Ao ensinar uma criança cega a ler é preciso que os educadores atentem para a forma como essa criança está habituada ver o mundo. Uma criança sem DV conhece as coisas partindo de uma visão global do todo e depois segue para a análise das partes, quer dizer, quem enxerga busca primeiro uma noção sintética das coisas; já uma criança cega, conhece as coisas iniciando das partes para o todo, pois através do tato ela constrói uma percepção analítica das coisas e isso é característica do ser háptico, é algo sinestésico, devendo ser valorado no

desenvolvimento da leitura em Braille, tendo em vista que é nessa dinâmica que o cognitivo da criança cega trabalha.

Ao iniciar uma leitura de letras, palavras ou frases em Braille, a criança não dispõe de elementos visuais para primeiro fazer uma visão panorâmica do que se vai ler, por essa razão, o texto Braille precisa está bem organizado e sistematizado para não confundir a criança ou levá-la a levantar hipóteses erradas do que ainda não leu, e tudo que for apresentado como proposta de leitura deverá estar contextualizado com o meio da criança.

Outro aspecto de extrema relevância a ser considerado na leitura Braille envolve a leitura simbólica, sobretudo das linguagens não verbais. Em regra, ao se iniciar o processo de leitura com uma criança vidente é imprescindível que a criança faça uso de seus conhecimentos pré-adquiridos de leitura e interpretação de imagens, simbologias e outros elementos que transmitem as mesmas informações de um texto escrito (linguagem verbal). Contudo, quando se tratar de uma criança cega deve ser observado que a mesma não pré-adquiriu a experiência de ler e interpretar imagens e simbologias meramente visuais; a leitura logográfica feita pela criança cega das linguagens não verbais se dá de forma diferenciada, ou seja, imagens que proporcione percepção tátil ou sinais e simbologias sonorizadas, ou ainda, que possa ser percebida com os outros sentidos sensoriais. Nesse contexto, entendemos que a criança cega também desenvolve leitura simbólica como predisposição para a leitura Braille, mas a partir das suas peculiaridades de percepções sensoriais (ALMEIDA, 2014).

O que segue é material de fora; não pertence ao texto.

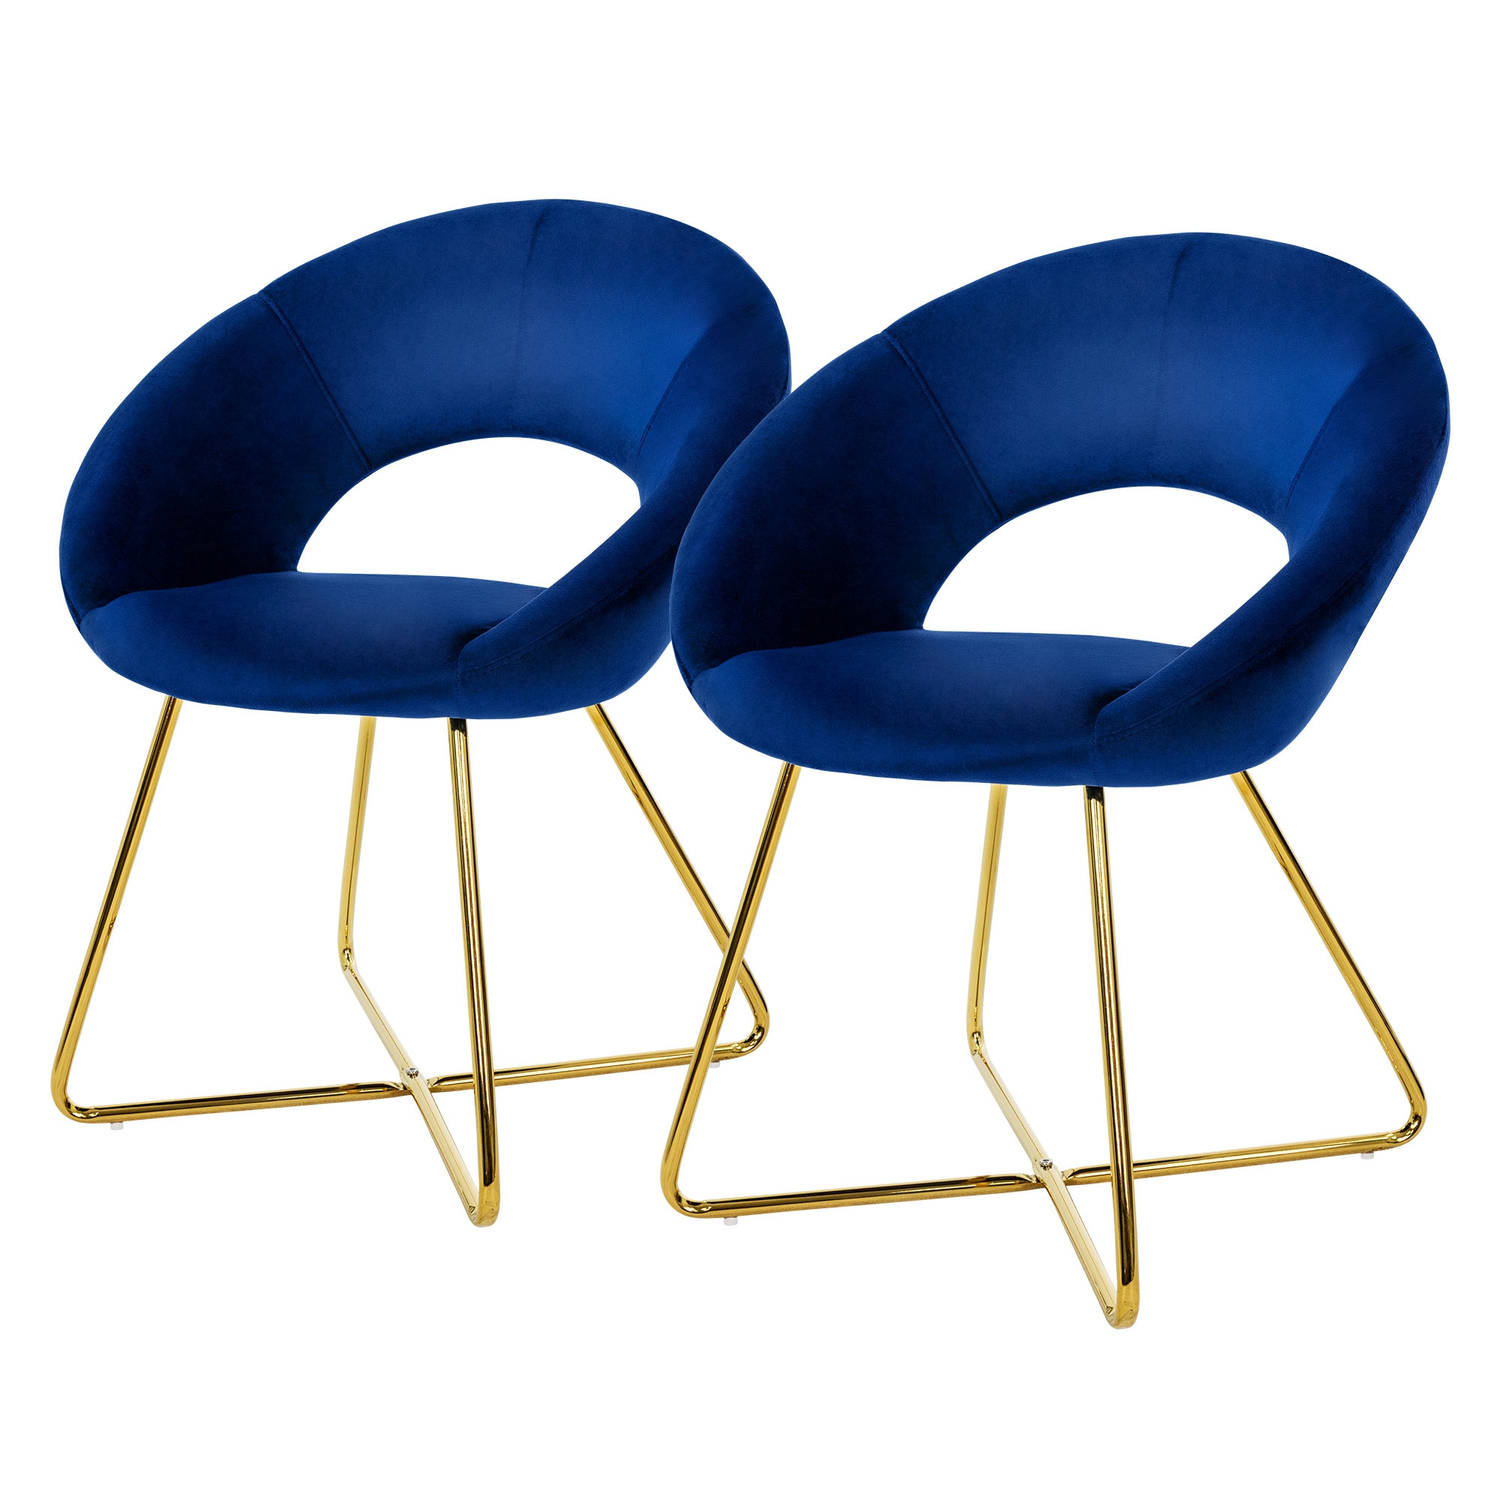 ML-Design eetkamerstoelen set van 2 blauw fluweel, woonkamerstoel met ronde rugleuning gestoffeerde met goudkleurige metalen poten, ergonomische eettafel fauteuil keukenstoel kuips

Levando em consideração todos esses aspectos, os educadores terão condições de realizar um processo avaliativo sobre o desenvolvimento de leitura da criança cega. Poderá analisar questões como: diversidade de códigos e linguagens assimilados pela criança, o nível real ou em potencial de interpretação do que se lê, o grau de abstração a partir de experiências já vivenciadas no contexto escolar e fora dele, a diferenciação entre a escrita e a fonética das palavras, a dicção das pronúncias, o poder de contextualização dos textos lidos. Sintetizando, a avaliação deve dar conta de identificar se o aluno está progredindo nível de leitura alfabético para o nível de letramento, que é a habilidade de ler e compreender o que se está lendo.